It's just part of what he calls "my yin and yang," which includes off-color humor.

In real life, Saget, 57, who's divorced, has three daughters (ages 27, 24 and 21). By turning out well — he calls them "brilliant and understanding" — they have proved "I'm a good dad," he says.

On TV, he played sweetly neurotic father Danny Tanner in Full House from 1987 to 1995. But as a stand-up comic, he enjoys "immature taboo humor — good immature taboo humor" that often involves body parts and words that cannot be printed here.

In an interview Wednesday during his book tour, Saget recalls his "biggest comic influence," his dad, who outlived four of his children before dying in 2006 at 89. "He dealt with death and hardships through humor," Saget says. "It was often sick and weird humor ... poop and penis jokes."

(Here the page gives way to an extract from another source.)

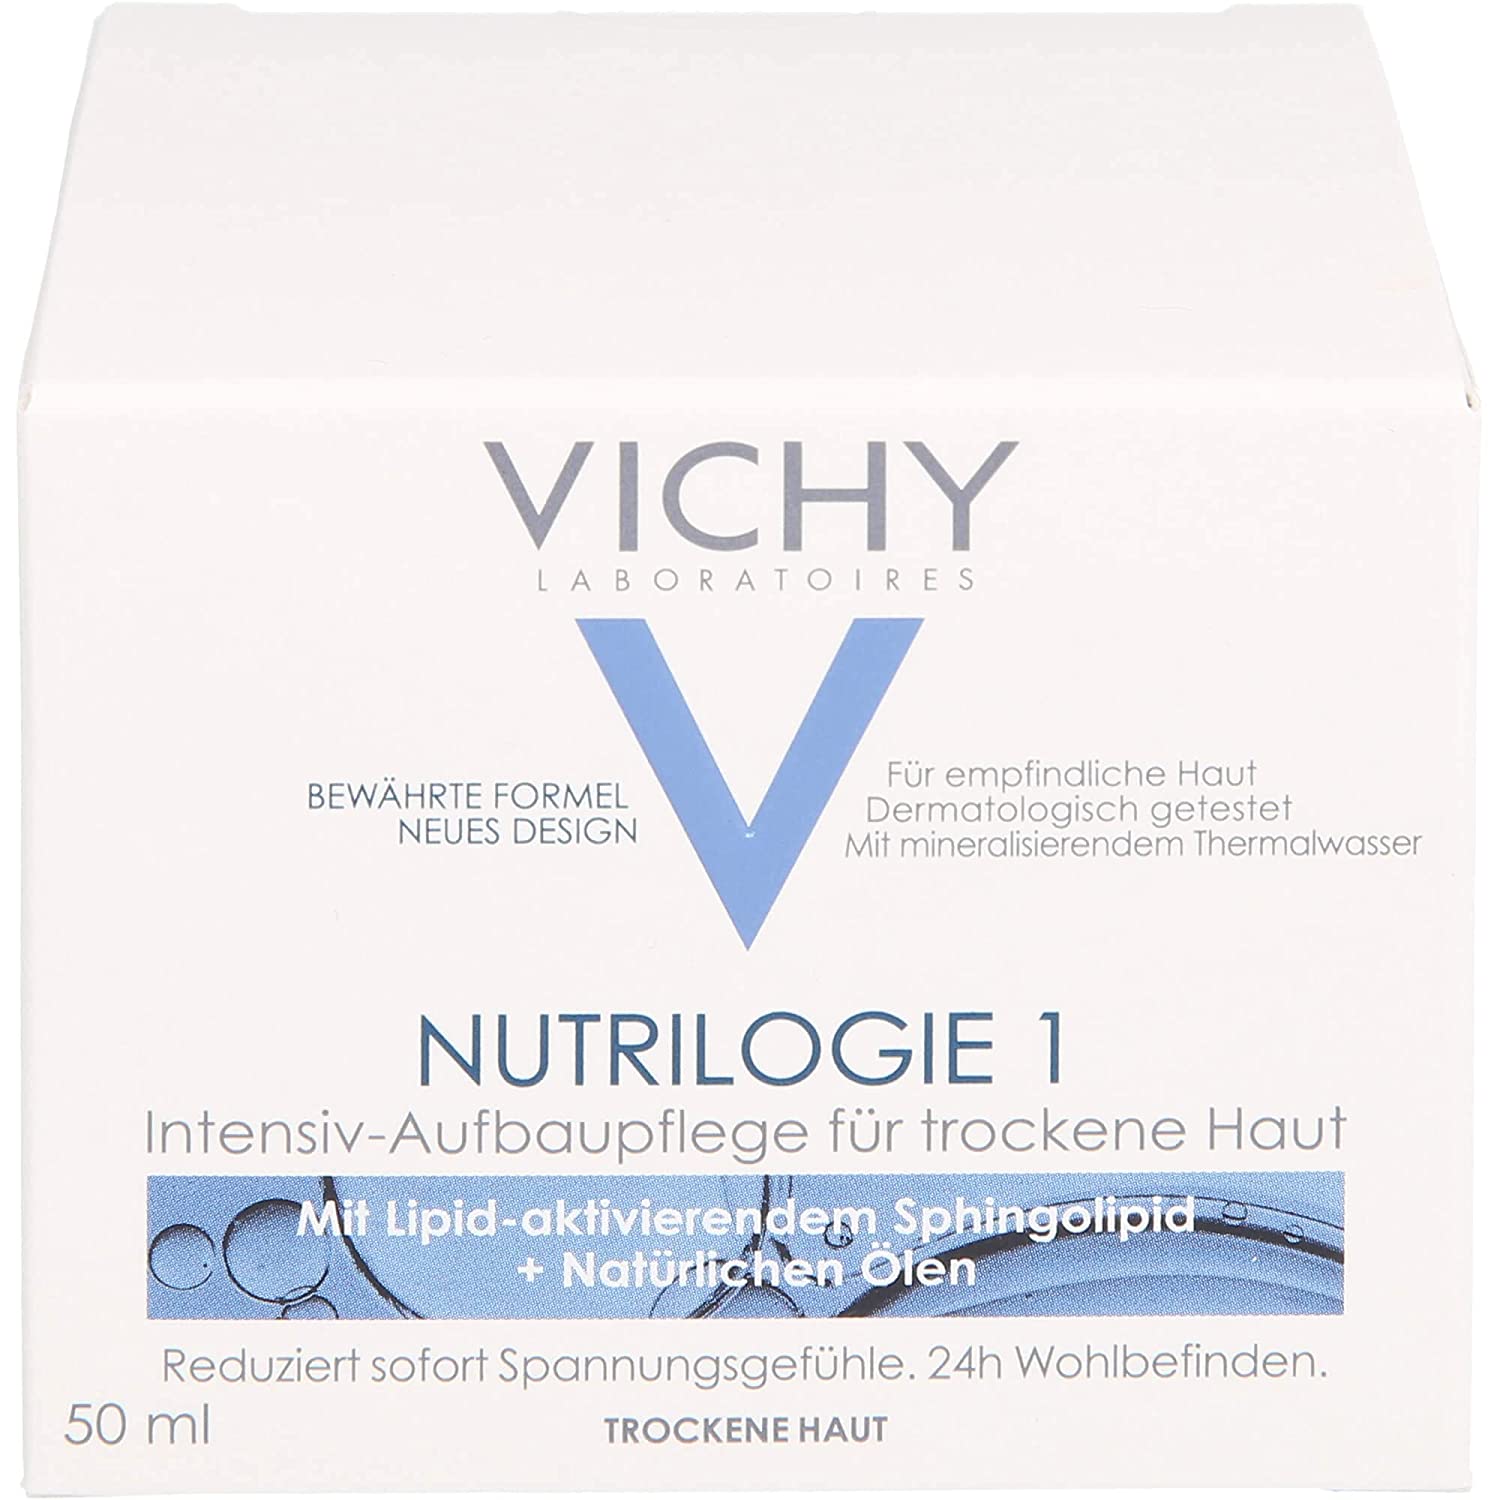 Vichy Nutrilogie 1 Cream 50 ml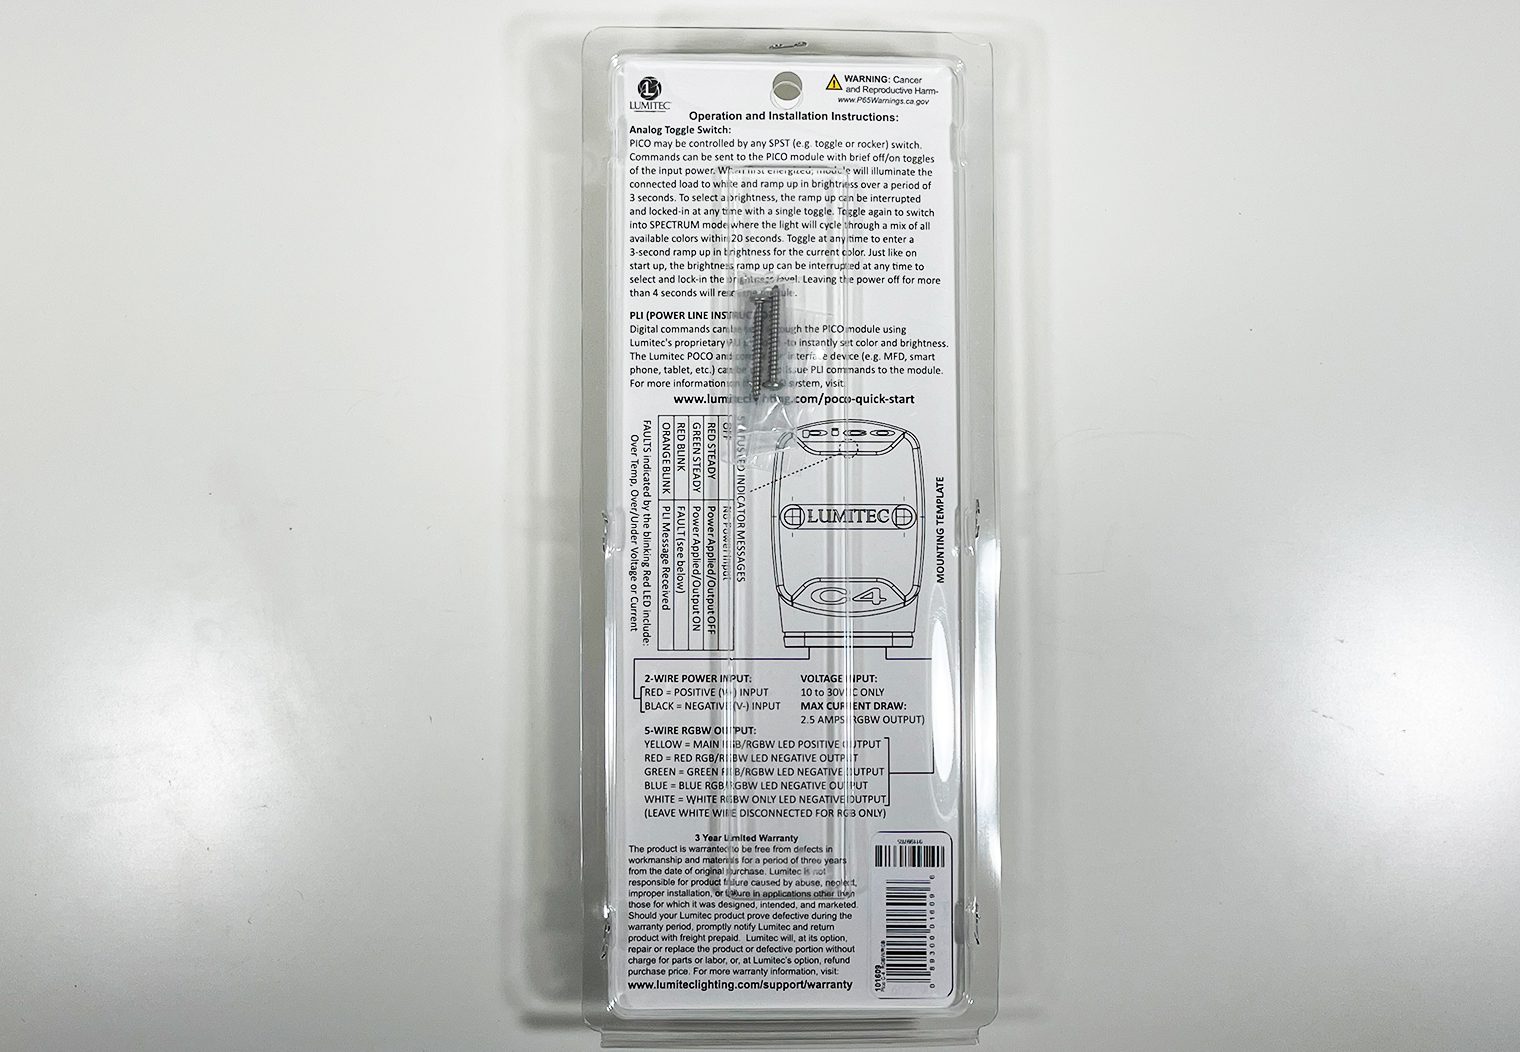 Lumitec Pico C4 rear packaging

(His dad, Saget notes in the book, worked his way up from a supermarket butcher to became a "VP of meat. That's right, a vice president of meat. I don't know who the president of meat was at the time.")

It was a family where "dark comedy was a survival instinct. Some of it was avoidance, and some was just to get a rise out of someone else." Growing up in his family, he says, was a matter of "survival of the wittiest."

His memoir is filled with one-liners in a style he describes as "free association," but it's also occasionally serious.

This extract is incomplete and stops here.